Google also warns that a disallowed URL can still appear in search results when other pages link to it. Use authentication for private content, noindex for crawlable pages that should not appear in supporting search engines, and server or WAF rules when you need enforceable traffic controls. Do not block a page in robots.txt and expect a crawler to read a noindex directive on that blocked page.

  • It cannot keep secrets private or replace access control.
  • It cannot prove a request came from the company named in its User-Agent.
  • It cannot guarantee deindexing, ranking, citation, or model-training outcomes.
  • It cannot retroactively govern content already fetched under an earlier policy.
  • It cannot cover unknown or newly introduced agents unless the policy is reviewed and updated.
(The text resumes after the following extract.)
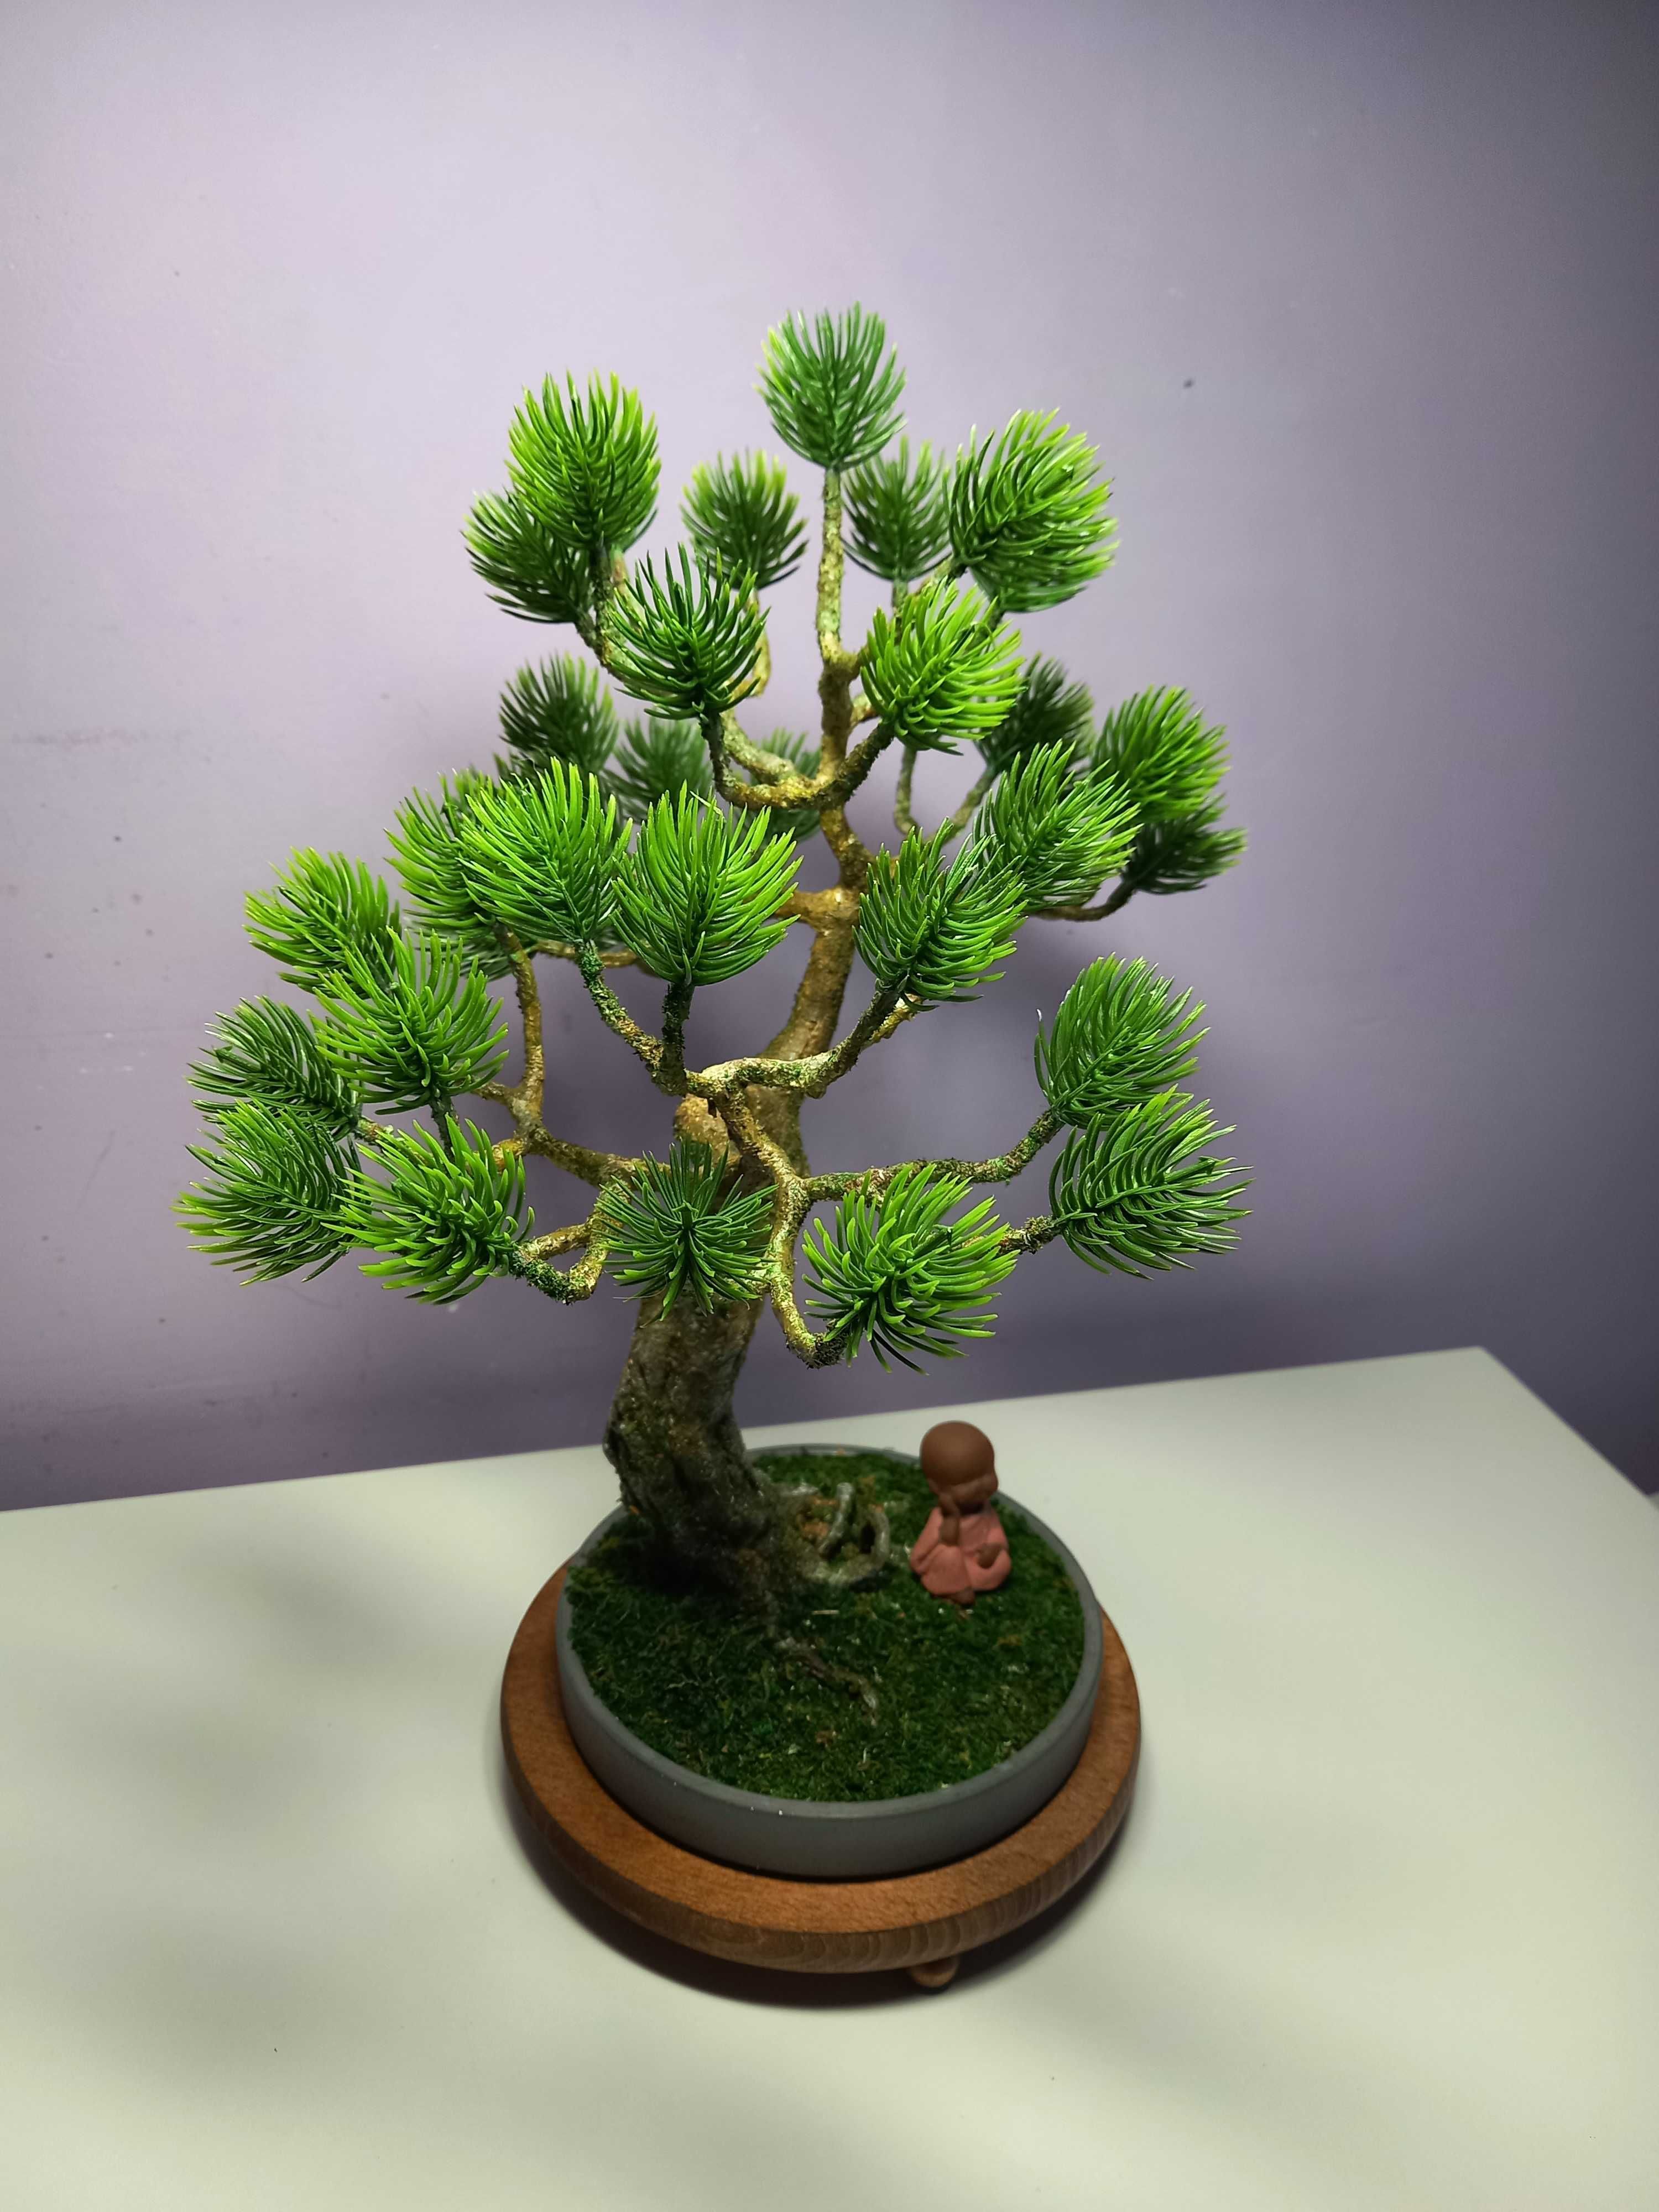 Sztuczne drzewko. Imitacja bonsai.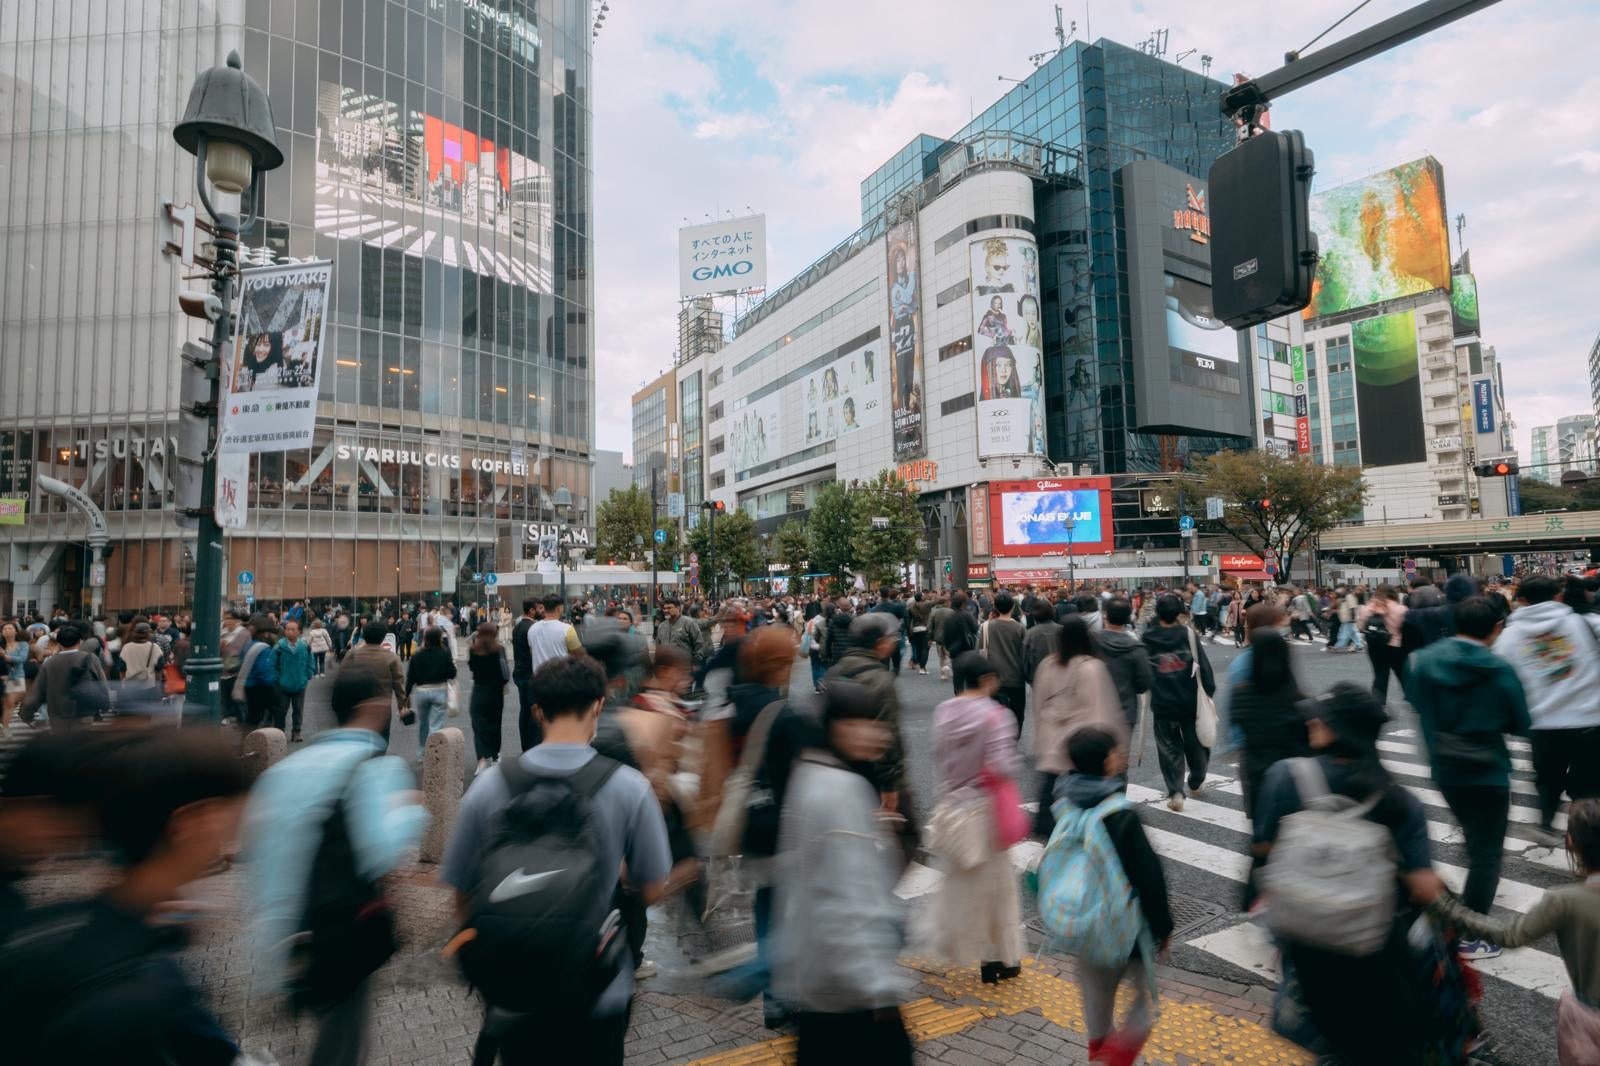 「渋谷スクランブル交差点を渡る歩行者の様子」の写真

Verify crawler behavior in server logs

Start with raw access logs rather than an analytics dashboard: many bot requests do not execute client-side analytics. Record the timestamp, request path, status, response bytes, source IP, host, and full User-Agent. The example below filters a standard NGINX access-log archive for the exact tokens in this guide.

A matching User-Agent is only a claim. Compare the source IP with the provider's current published CIDR manifest, and retain the manifest retrieval time with your evidence. Do not hard-code today's ranges forever; providers update them. Then check whether requests to /robots.txt preceded content fetches, whether disallowed paths stopped receiving compliant automatic-crawler traffic after the provider's stated propagation window, and whether CDN or WAF rules changed the observed result.

  • Confirm /robots.txt returns 200 on every relevant host and contains the intended group.
  • Filter logs by exact User-Agent token and review status codes, paths, rate, and timestamps.
  • Validate the source IP against the linked OpenAI, Anthropic, or Perplexity JSON manifest.
  • Separate automatic crawlers from user-triggered fetchers when interpreting compliance.
  • Recheck after policy changes and keep a dated snapshot; absence of requests is not proof of blocking.
Find the named agents in NGINX logs — Adjust the log path for your server or CDN export. This reads current and rotated gzip logs without changing them.
zgrep -hEi 'OAI-SearchBot|GPTBot|ChatGPT-User|ClaudeBot|Claude-SearchBot|Claude-User|PerplexityBot|Perplexity-User' /var/log/nginx/access.log*

curl -sS -D - https://example.com/robots.txt -o /dev/null

Thesis

Treat search crawlers, training crawlers, and user-triggered fetchers as separate policy choices, then verify observed traffic with server logs and provider-published IP ranges.